Joanna Average, who has earned the average wage since 2000, is only $500 a year better off now once tax bracket creep and inflation are taken into account… Mr English says the average wage has risen by 30% since 2000, but someone on the average wage in 2000, is now paying 42% more tax. “Wages up 30%, tax up 40%. There’s something very wrong with that.”
Is there, though? Let’s run some quick numbers off the case study the Nats provide:
2000 average wage: $33,968, taxed $6,623, which is a rate of 19.5%.
2007 average wage: $44,123, taxed $9,430, which is a rate of 21.5%.
But! Reconsider that 2007 wage without “tax bracket creep” – then tax would be $8,604. Or, to flip that around, it’s the difference between a net income of $34,700 and one of $35,500. (Both of them are well up on the 2000 net income of $27,300)
That’s what Nat’s claims amount to: less than a thousand dollars differential.

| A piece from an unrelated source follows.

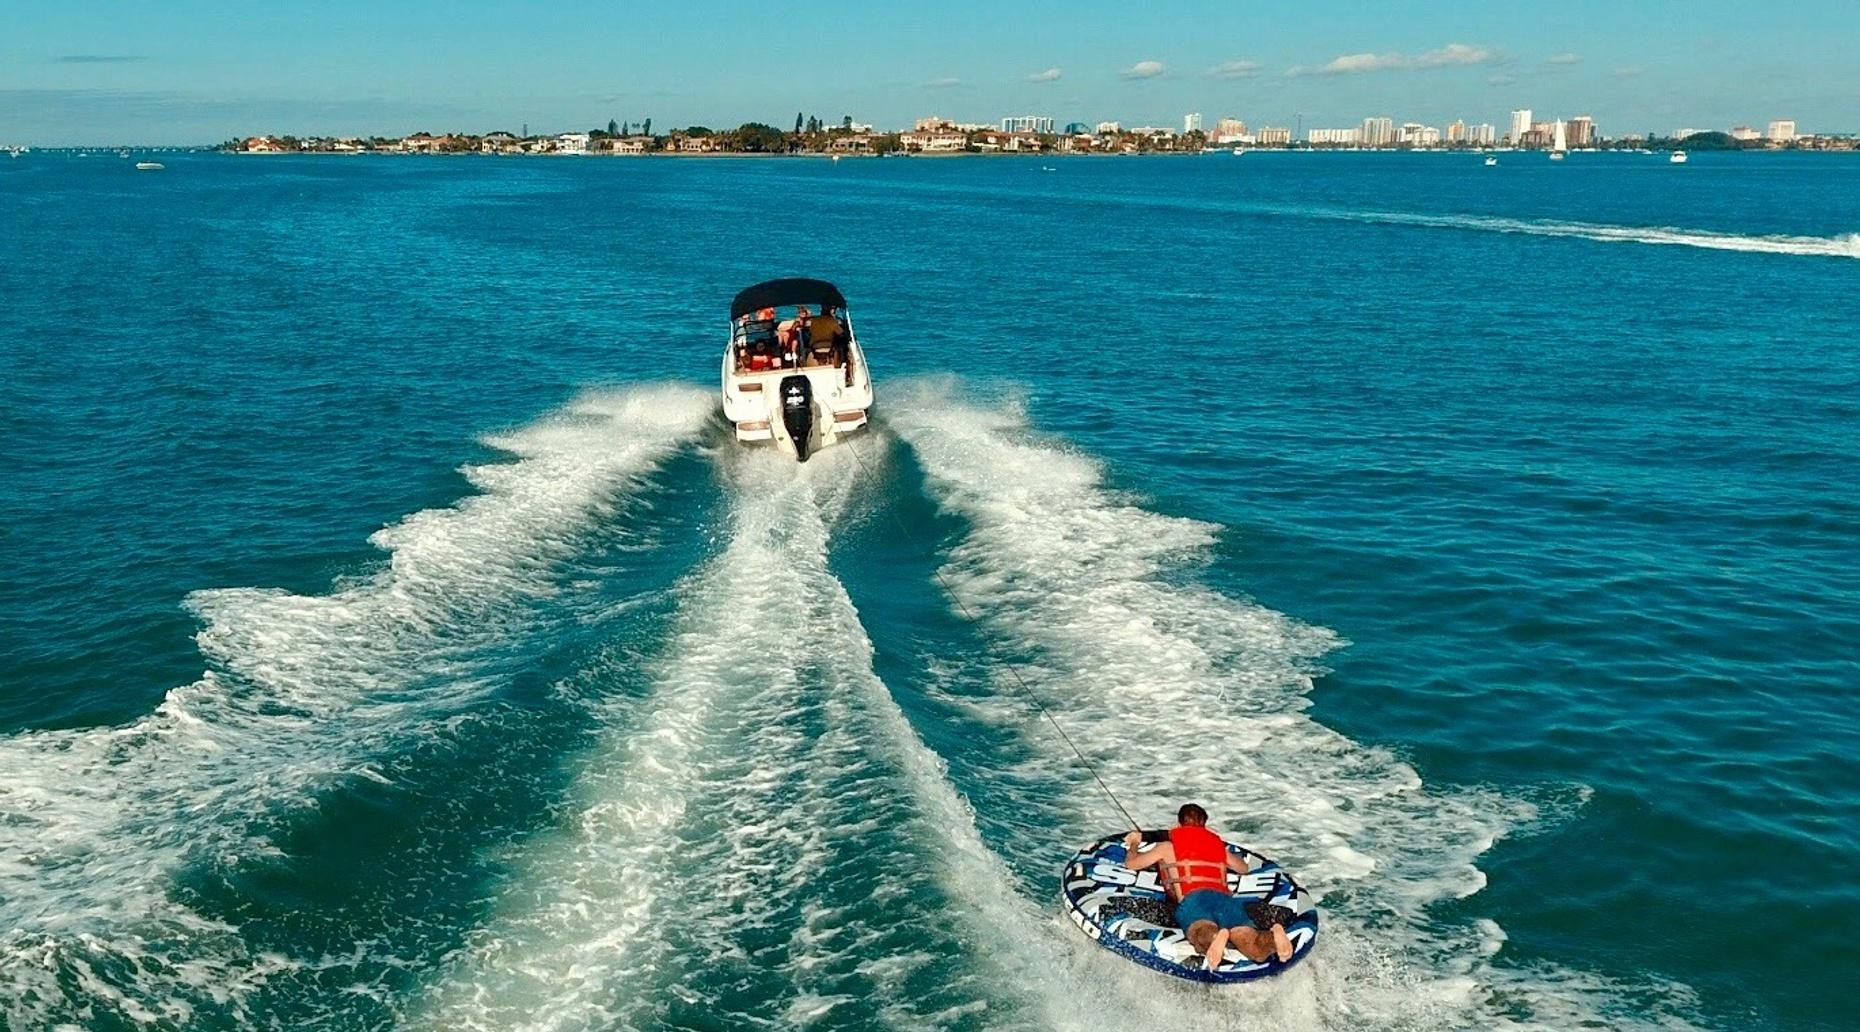 4-Hour Sandbar Cruise in Sarasota
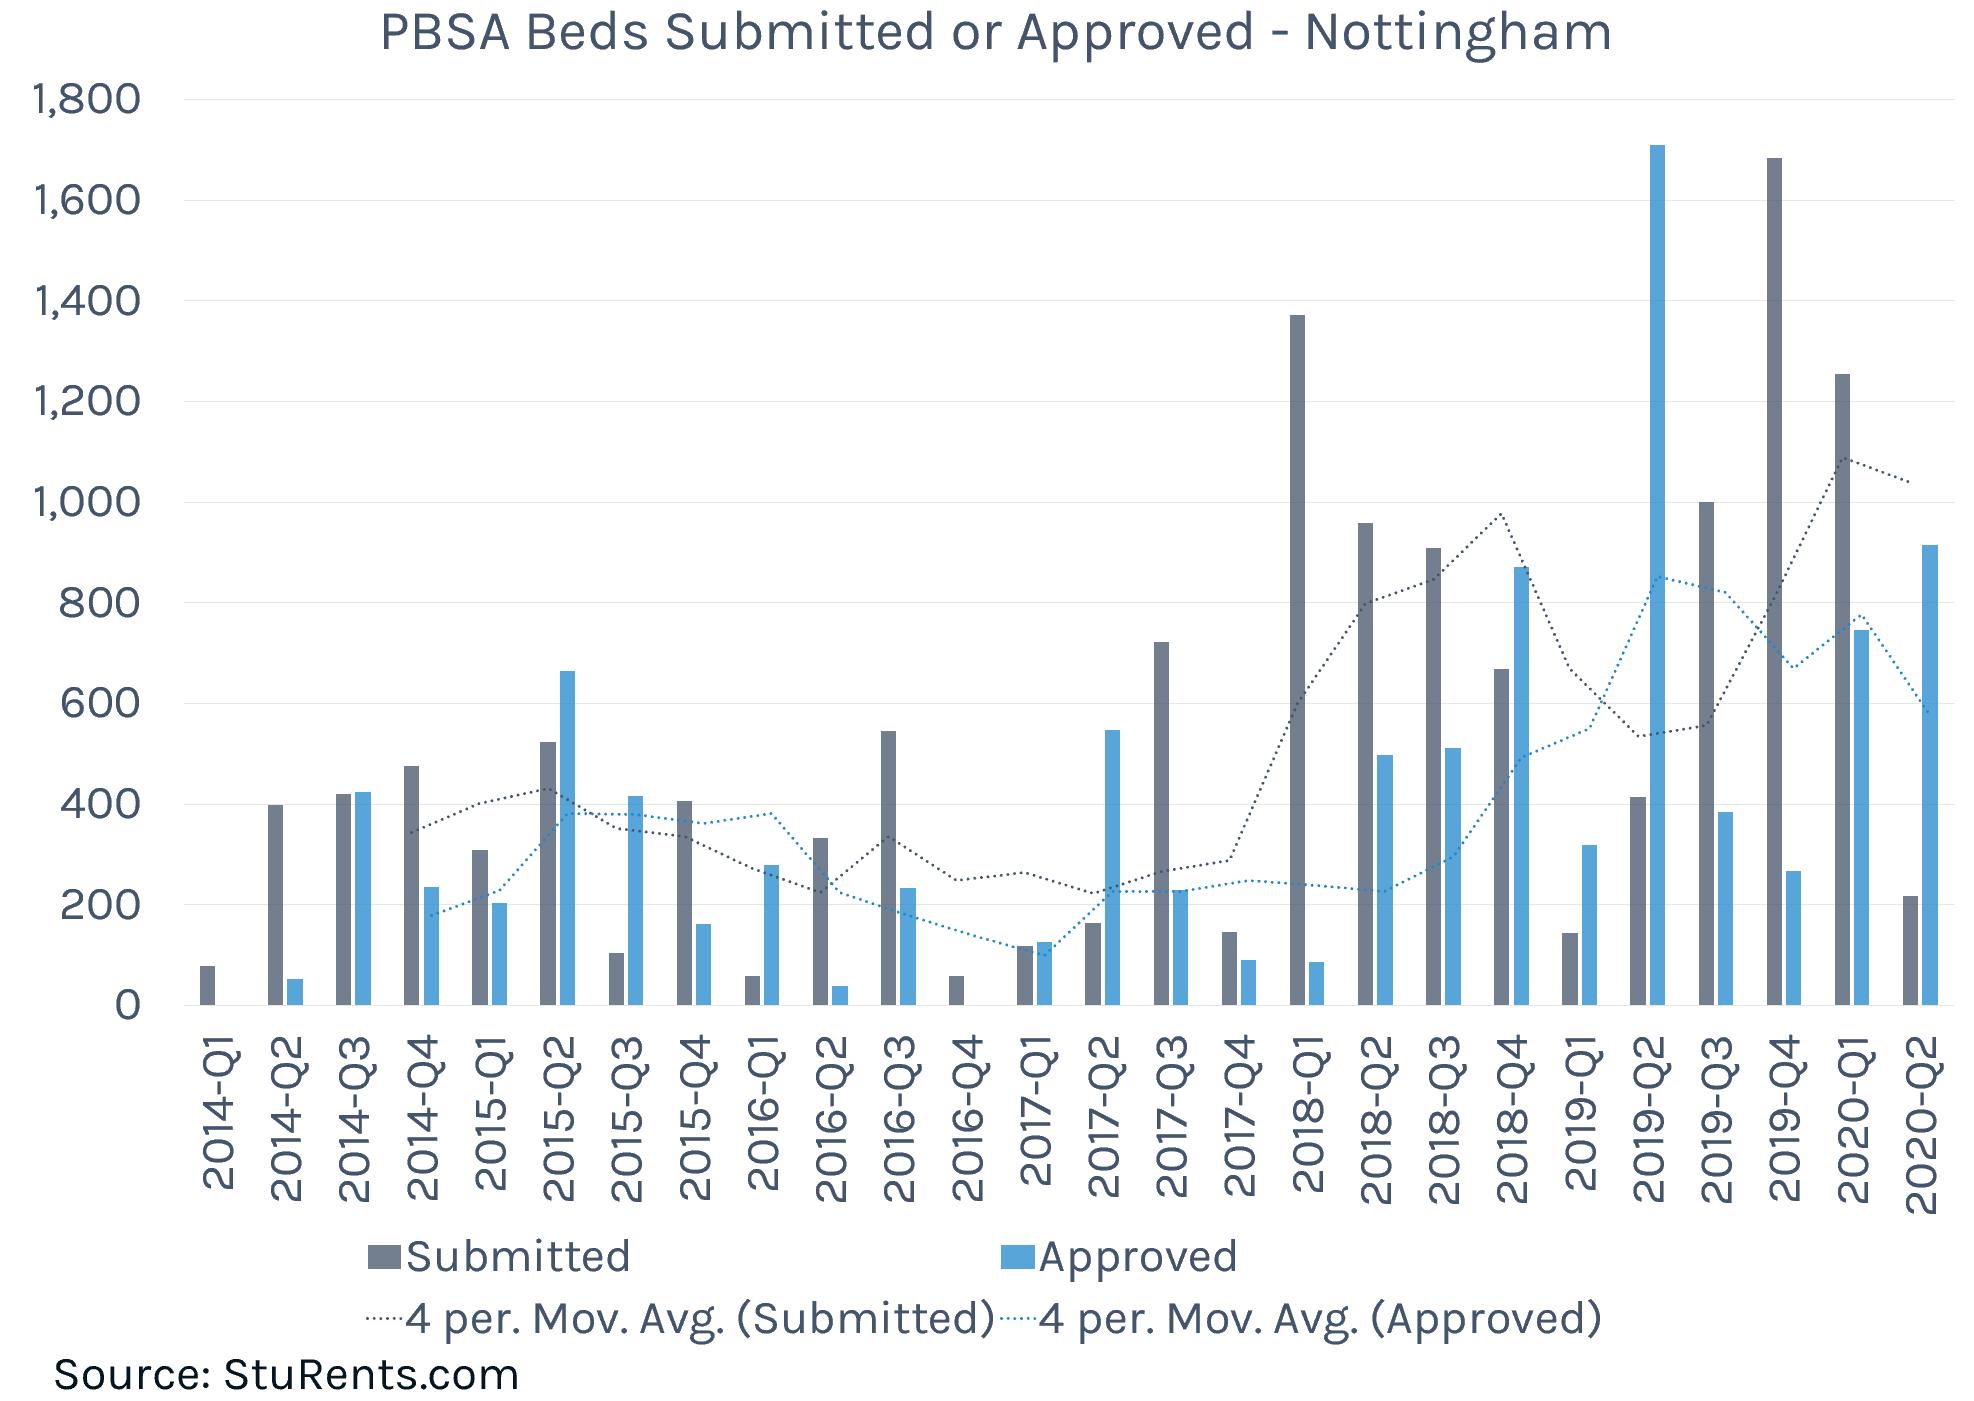 PBSA Planning Nottinghammax-width:100 height=

Definitely, you’re better off with that extra grand, but it’s hardly the big loss to match the big numbers the press release throws around. The whole point of the press release is to win support for tax cuts, but the numbers just don’t back it up as a major issue.
The real issue is inflation. The Nats’ own calculations show that the effective loss of earnings due to inflation is $6842. In other words, inflation is the behind 90% of “loss of earnings”; tax bracket creep is responsible for only 10% of that.
(Did I get it right? Economics heads are invited to point out where I am hideously wrong, but obviously I don’t think I am. In any case, that’s enough math. I’m going to sleep.)